Modulation of Lrp action in Escherichia coli by leucine: effects on non-specific binding of Lrp to DNA

Abstract

Lrp is a global regulator of metabolism in Escherichia coli that helps cells respond to changes in environmental conditions. The action of Lrp as a transcriptional activator or repressor is sometimes affected by whether the medium contains exogenous leucine. The abundance of Lrp in cells is relatively high (about 15 μM in monomer), and given the relatively high Lrp binding affinity in vitro for specific binding sites (nanomolar apparent dissociation constants), the expectation is that all binding sites will be saturated with Lrp in vivo. Here we consider the fraction of the total Lrp in cells that is free and the fraction that is bound to DNA. Using minicell-producing strains, we measured the distribution of Lrp between cytoplasm and nucleoid in cells grown under different nutritional conditions and in cells in different phases of growth.
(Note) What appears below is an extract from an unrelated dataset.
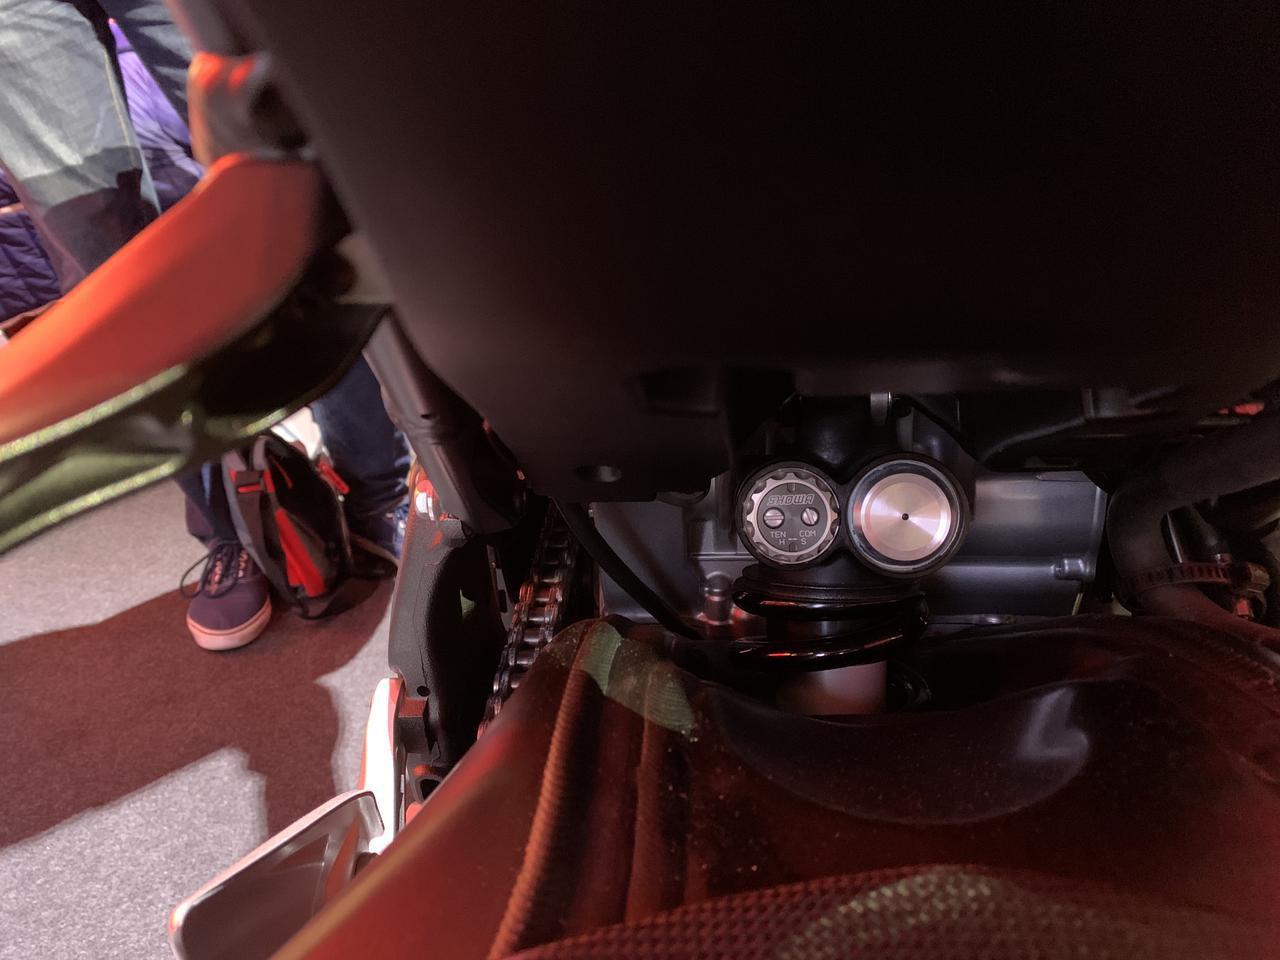 【EICMA 2019速報!】最新技術で走りはどう変わったのか?217.6PSの「CBR1000RR-R」を徹底解説!(2)メカニズム編

In E. coli cells grown in minimal medium to mid-log phase, the ratio of free to DNA-bound Lrp was about 0.67. This ratio decreased about threefold when the cells were grown in minimal medium supplemented with leucine. Our results also confirmed the previous finding that growth rate regulates lrp expression by as much as three to fourfold. Growth rate-regulated lrp expression, along with changes in the extent of non-specific binding, influences the level of free Lrp in vivo over a 16-fold range. We propose that the net effect of these processes is to regulate the relative concentrations of free Lrp hexadecamer and leucine-bound octamer, leading to promoter selection in response to environmental conditions.